Steady-state level of mutant protein relative to level of wild-type Tsr. Proteins were measured by quantitative immunoblotting (see Materials and Methods).
Colony size on semisolid tryptone agar relative to the wild-type Tsr control.
Fraction of cells displaying one or more receptor patches detectable with a YFP-CheZ reporter. Under the conditions used (see Materials and Methods), 85% of wild-type control cells formed patches.
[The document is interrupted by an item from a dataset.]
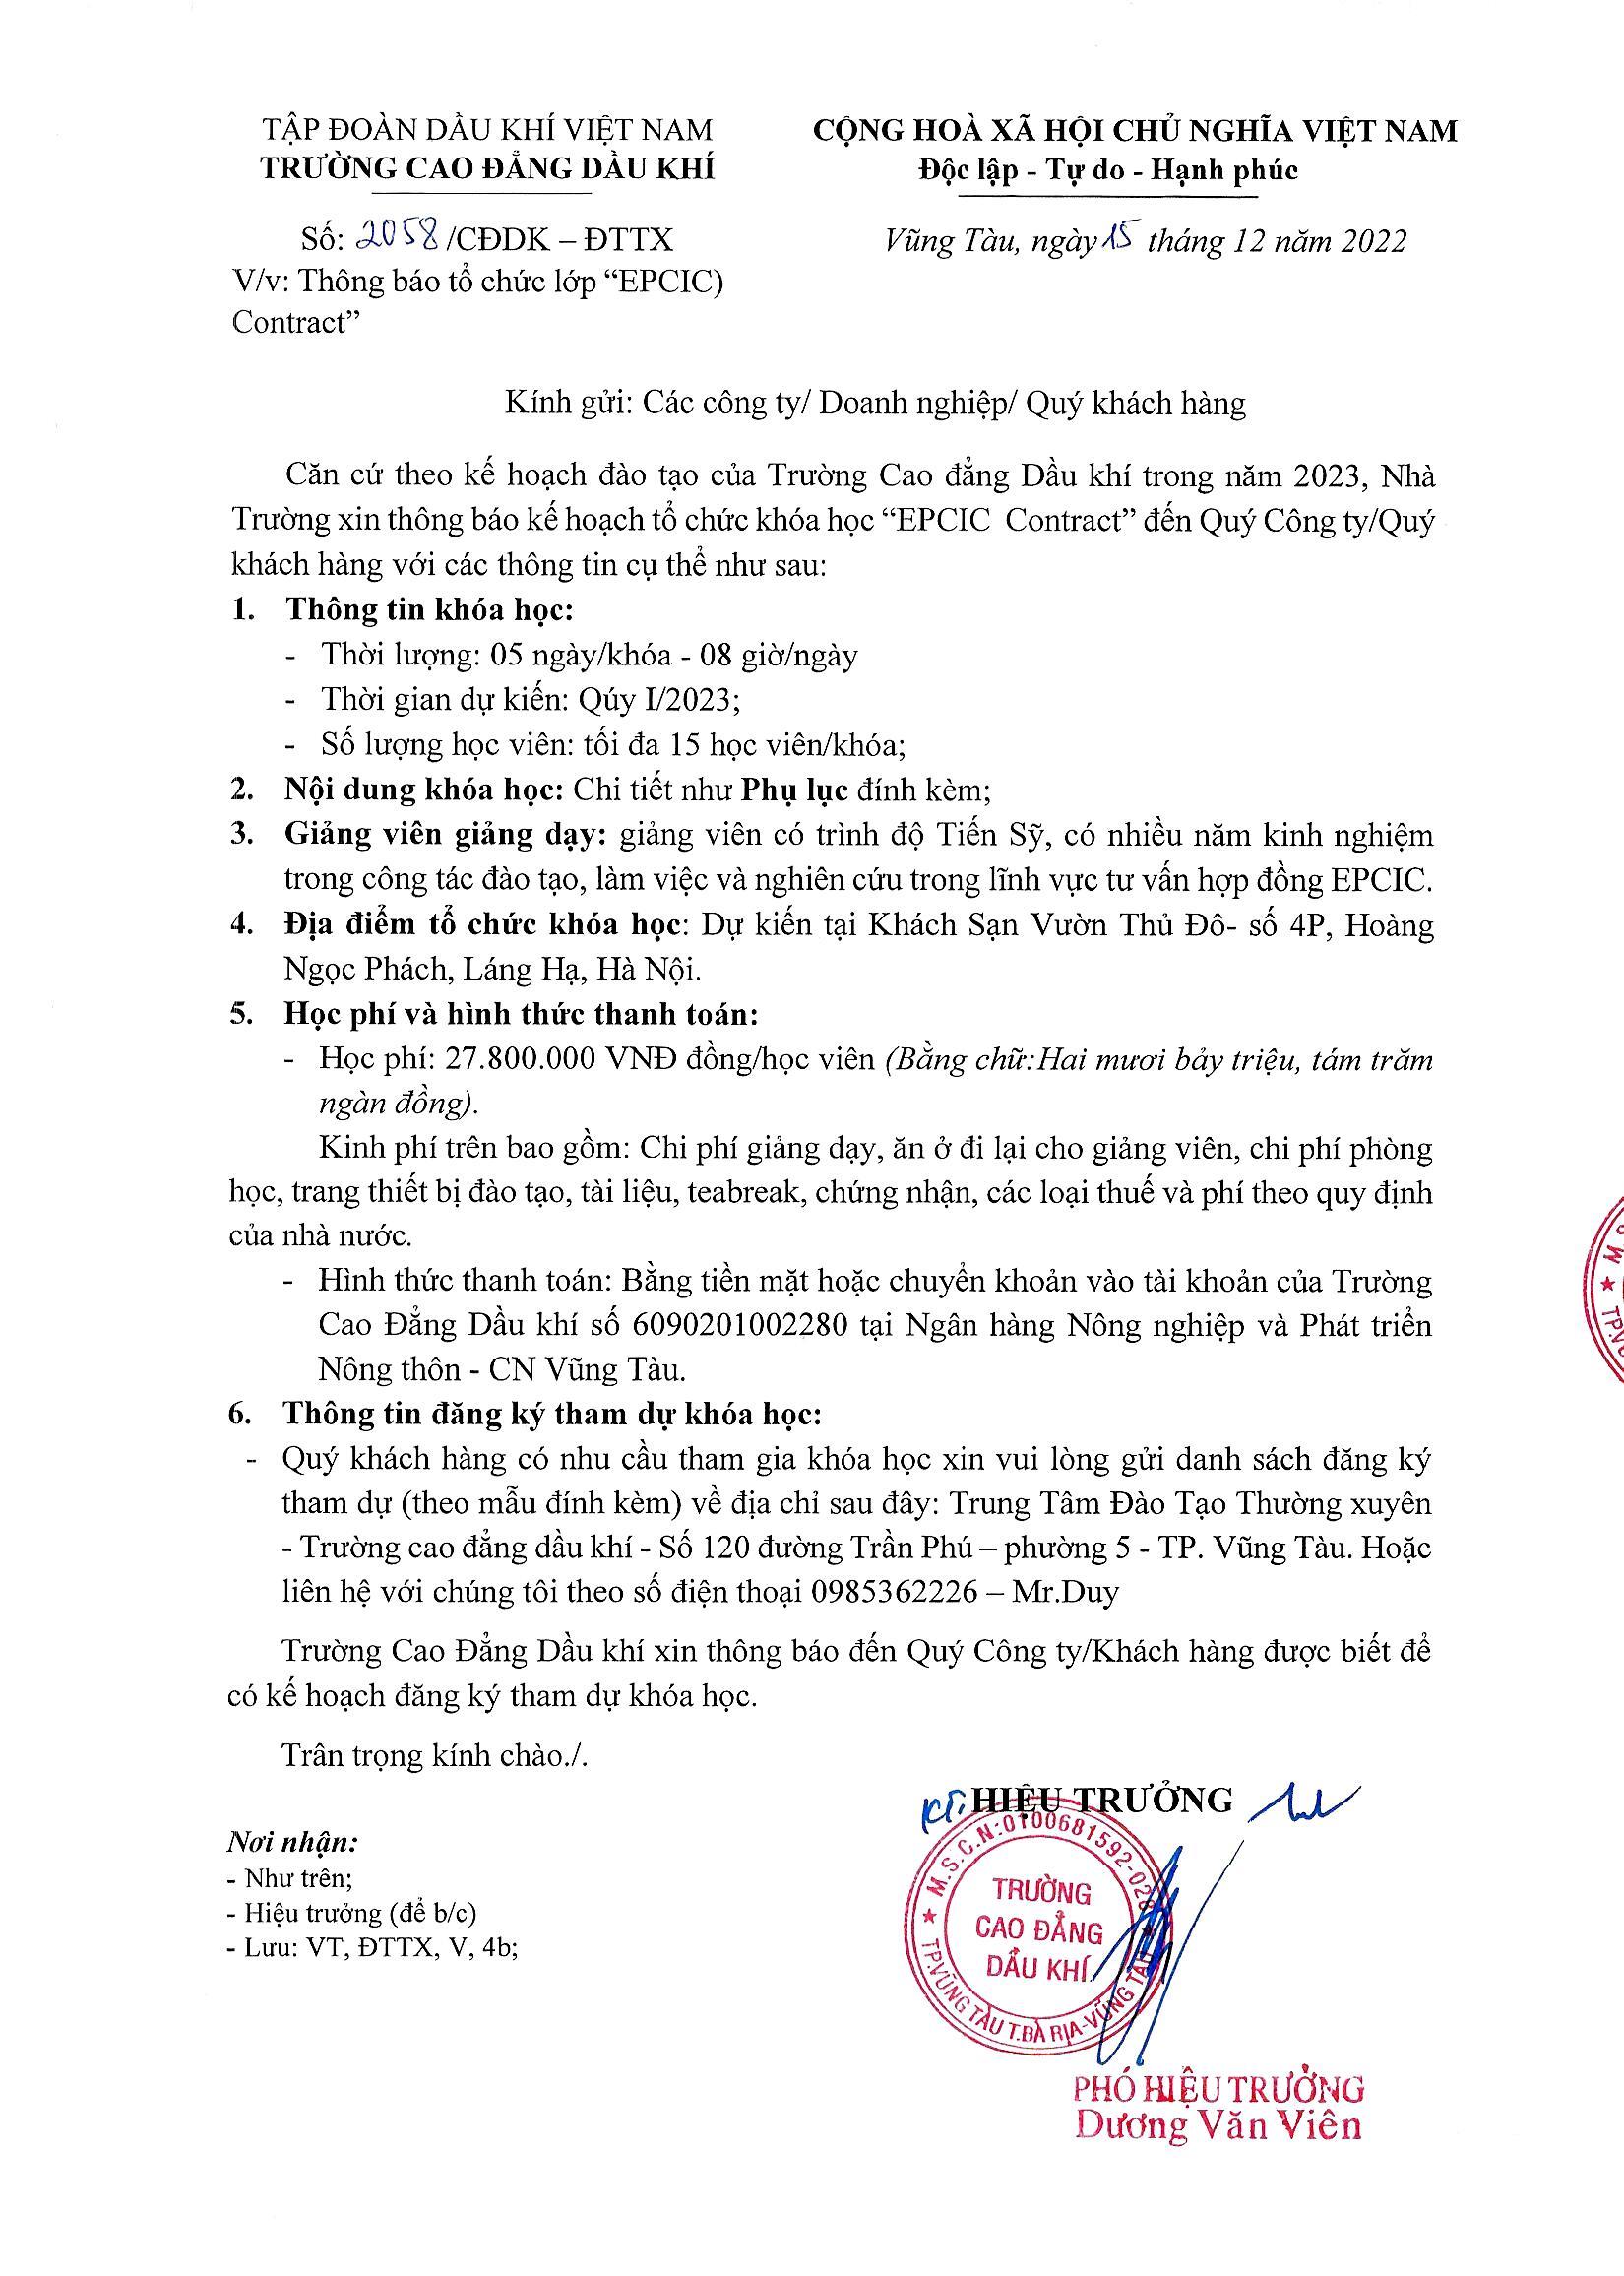 Cv 2058 Thong Bao Lop Epcic Page 1 Image 0001

Calculated fraction of time that tethered cells spent in CW rotation. Under the conditions used (see Materials and Methods), wild-type control cells spent 25–30% of their time in CW rotation.
Complementation pattern on semisolid agar at 35°C: wild-type (WT); recessive (R); dominant (D); epistatic (E). The degree of dominance or epistasis was scored from low (0) to high (3) on the basis of the expression level (IPTG concentration) at which the effect was first observed (see Materials and Methods). The Tsr function of the recessive and dominant mutants marked with an asterisk was restored by wild-type Tar (see Results).
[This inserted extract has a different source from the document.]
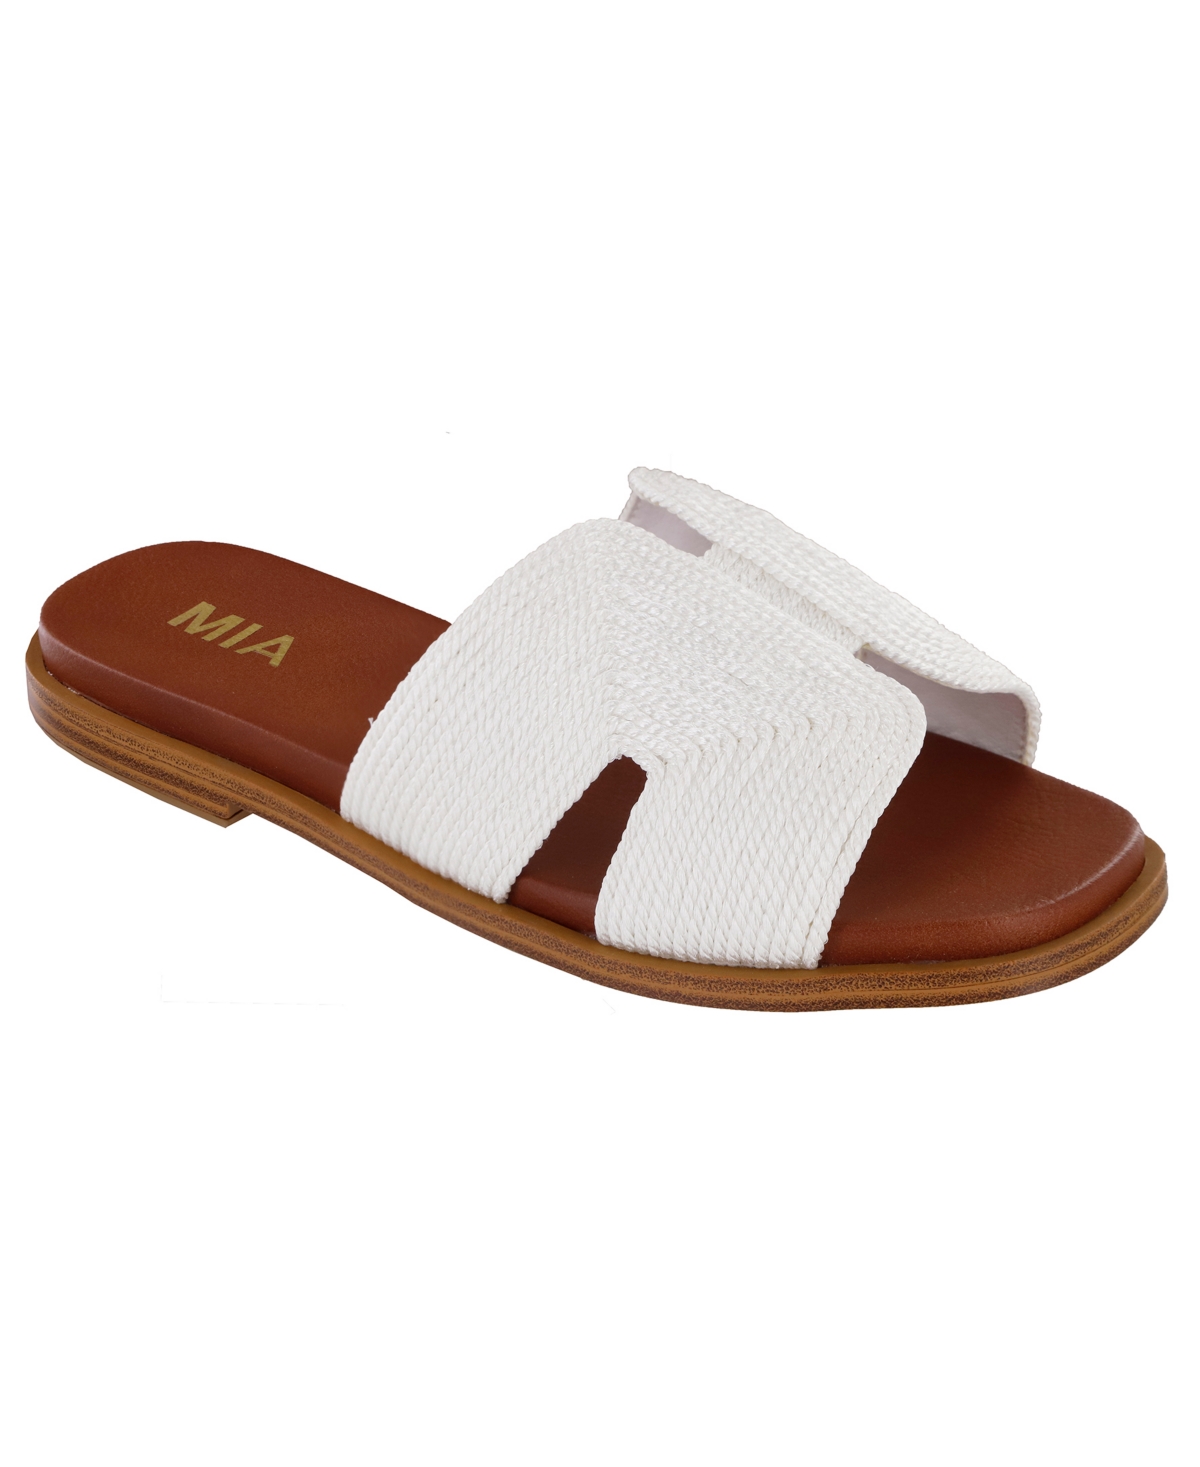 Women's Dia Flat Sandals - White

Functional Defects of Tsr Trimer Contact Mutants.
The steady-state intracellular levels of all mutant proteins proved similar to wild-type Tsr (Table 1), so function tests were done at the inducer concentration optimal for chemotaxis by Tsr+. On tryptone soft agar plates, all but three of the Tsr* strains were defective in serine chemotaxis, spreading at 35% or less of the wild-type rate (Table 1). The three mutants with chemotactic ability (V398P, V398A, and R409A) indicate that V398 and R409 play a less critical role in Tsr function than do the other contact residues. Moreover, the fact that a proline replacement is tolerated at V398 could mean that α-helicity in this region of Tsr is not critical for function (see Fig. 1B).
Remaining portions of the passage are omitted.